Because we can do this same thing with more series and combine them into a dataframe that shares this two-dimensional index! If you squint, it's higher-dimensional data!!

We have a CSV containing monthly water level readings for the great lakes going back to 1918. We'll use it to calculate annual min and max readings, and then combine those calculated series with this series that contains annual means to create a new dataframe with year and lake as the index, and min, max, and mean as the columns.

In [ ]:
# the `index_col` parameter allows us to specify which columns to use as an index when creating
# the dataframe and in which order. Very handy!
df = pd.read_csv('data/GLHYD_data_metric.csv', header=12, index_col=[1, 0])
df.head()

At this point we have the lakes as columns, when what we really want is to take all of those column names and add them to our index as another level. This is exactly what the very useful stack method does. It "pivots" a level of column labels as a new innermost index level.

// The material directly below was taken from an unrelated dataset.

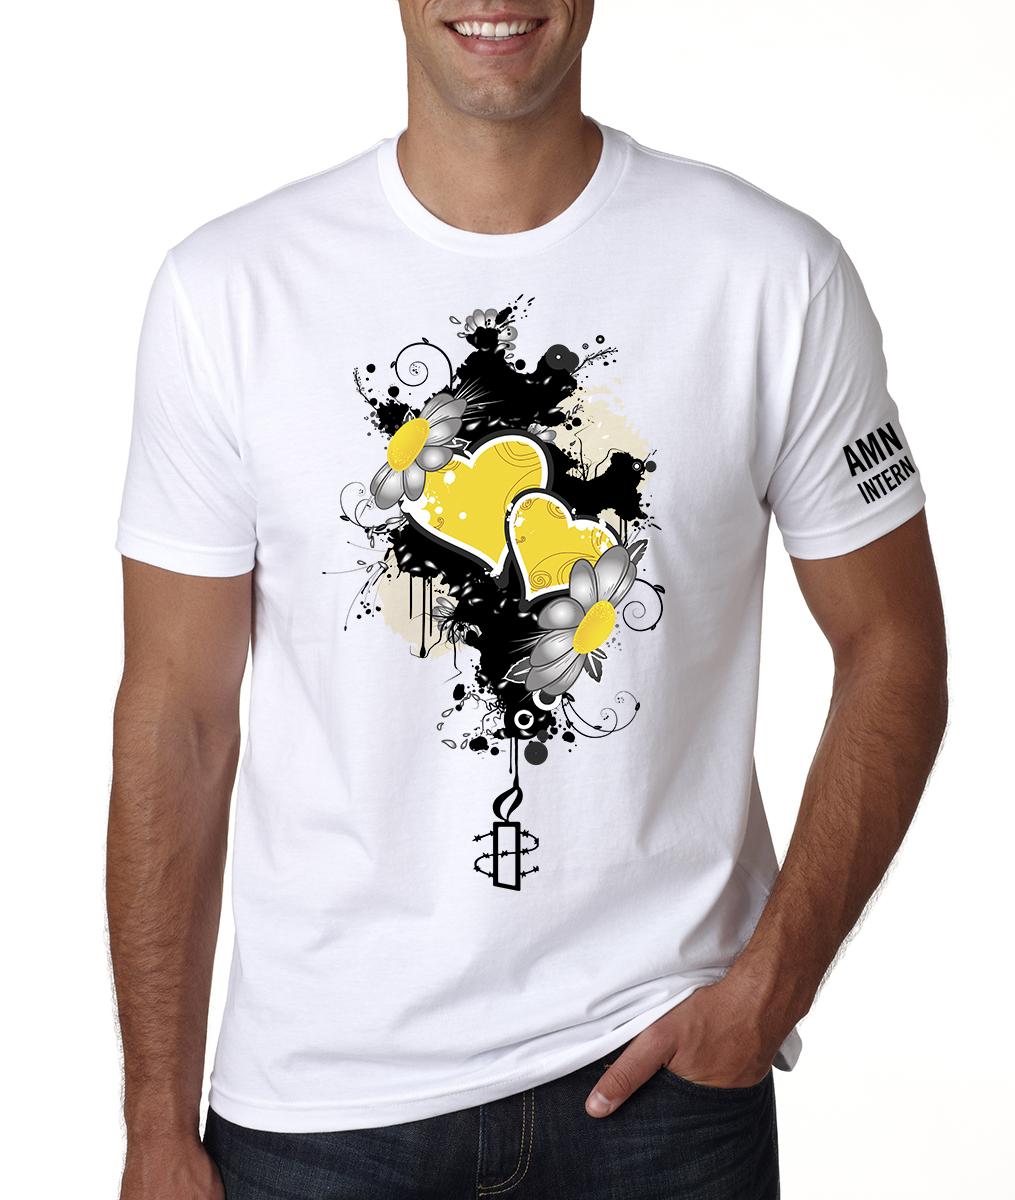 Shirt design australia - T Shirt Design By Futuredesigne For Amnesty International Australia T Shirt Design Competition
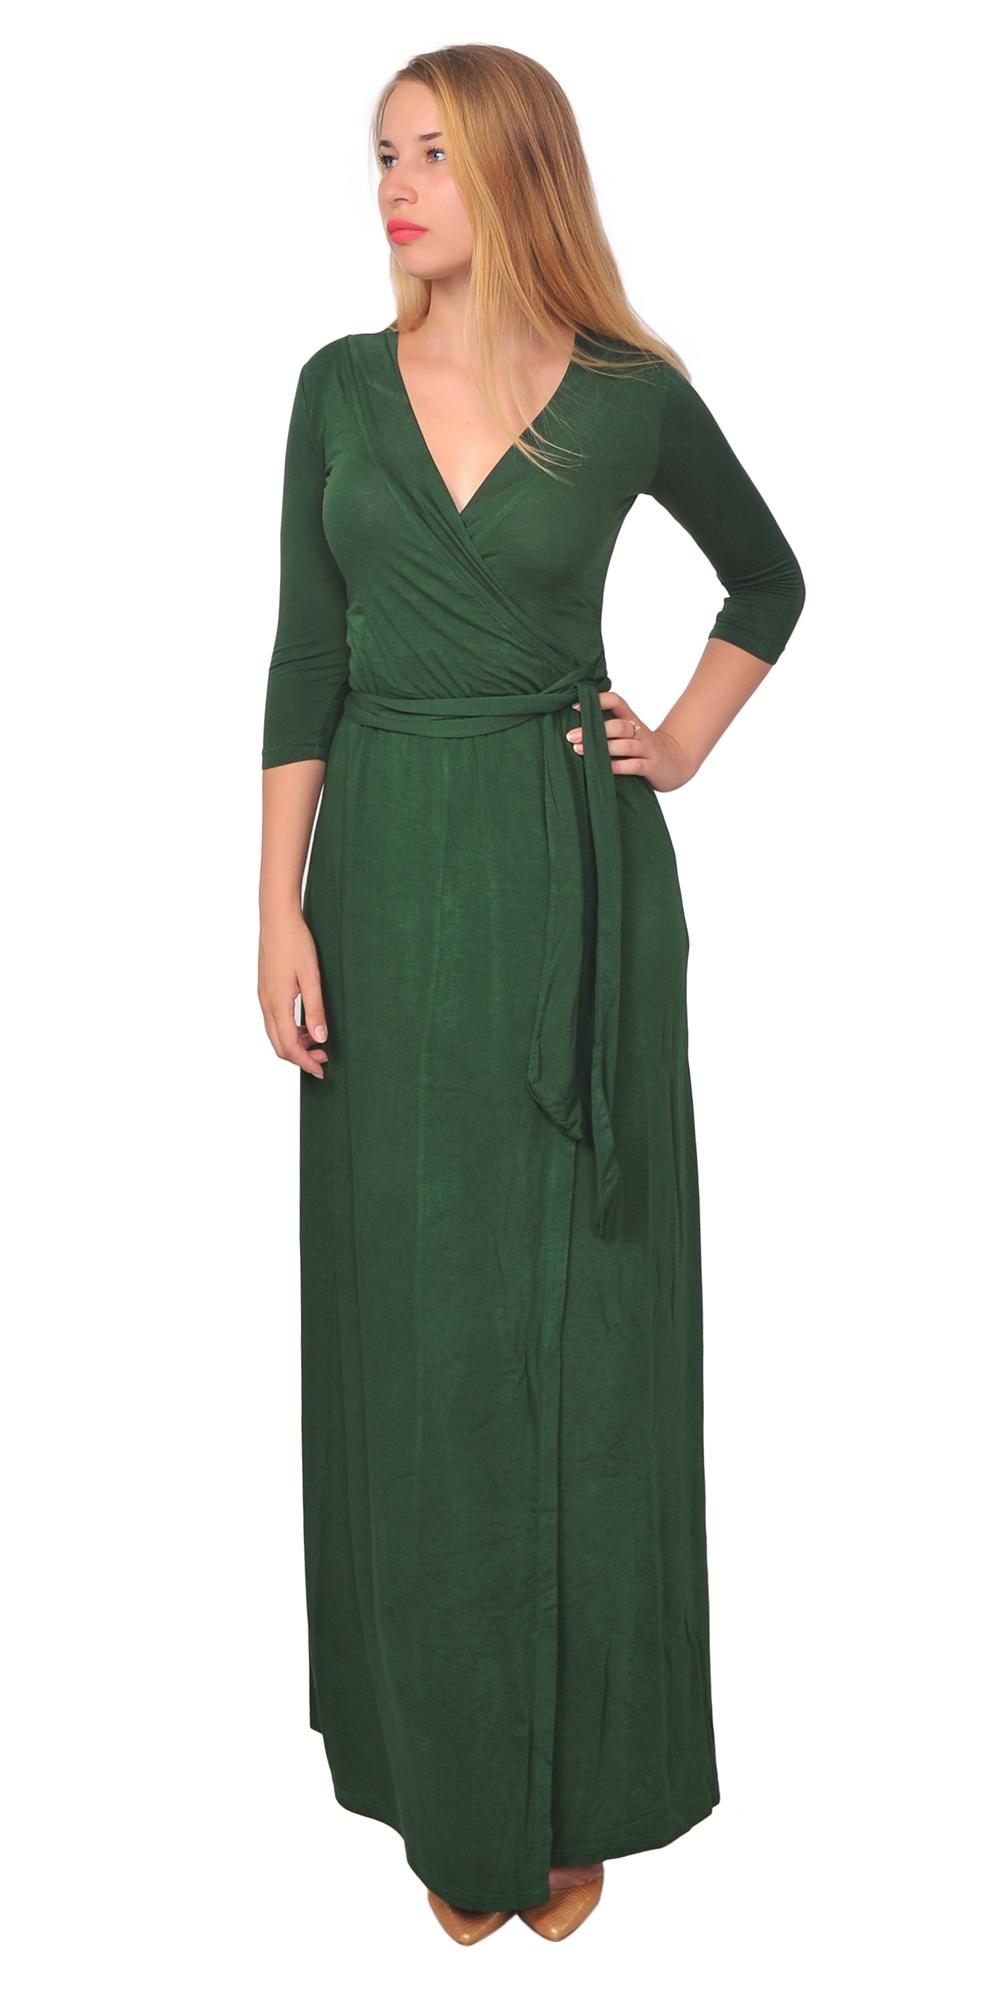 LONG SLEEVE MAXI WRAP DRESS FULL LENGTH WAIST TIE CROSSOVER DRESSES SUMMER BEACH | EBay

In this case, because our dataframe has only one level of column labels, stack turns that level into a new index level leaving us with only a series. We have "moved a dimension" and transformed a dataframe with a 2-d index to a series with a 3-d index.

In [ ]:
lake_monthly_levels = df.stack()
lake_monthly_levels.head()

Now in order to make it easy for Pandas to combine series we want to give our index levels nice, consistent names.

In [ ]:
lake_monthly_levels.index.set_names(['Year', 'Month', 'Lake'], inplace=True)
lake_monthly_levels.head()
In [ ]:
# Calculate the max water level for each year for each lake
max_levels = lake_monthly_levels.groupby(['Year', 'Lake']).agg('max')
max_levels.head()
In [ ]:
min_levels = lake_monthly_levels.groupby(['Year', 'Lake']).agg('min')
min_levels.head()

If we were to try to merge these three series together now, Pandas would fail because the index levels aren't in the same order. So the mean_levels series needs to have the order of its index levels swapped so that "Year" is the outer level. This is easily done with the reorder_levels method.

In [ ]:
mean_levels = mean_levels.reorder_levels([1, 0])
mean_levels.index.set_names(['Year', 'Lake'], inplace=True)
mean_levels

And now, finally, we can merge these three series together into a new dataframe (and drop all observations before 2015 that don't have). Note this is a very contrived example as it would have been trivially easy to calculate the mean water levels from the CSV we loaded :)

In [ ]:
df = pd.DataFrame({'Mean': mean_levels, 'Max': max_levels, 'Min': min_levels}).dropna()
df
In [ ]:
# to select values based on just the inner index level, use the `xs` ("cross section") method:
df.xs('Erie', level=1)
In [ ]:
# Alternatively, you can still use `loc` and pass in an empty slice for the outer level:
df.loc[(slice(None), 'Erie'), :]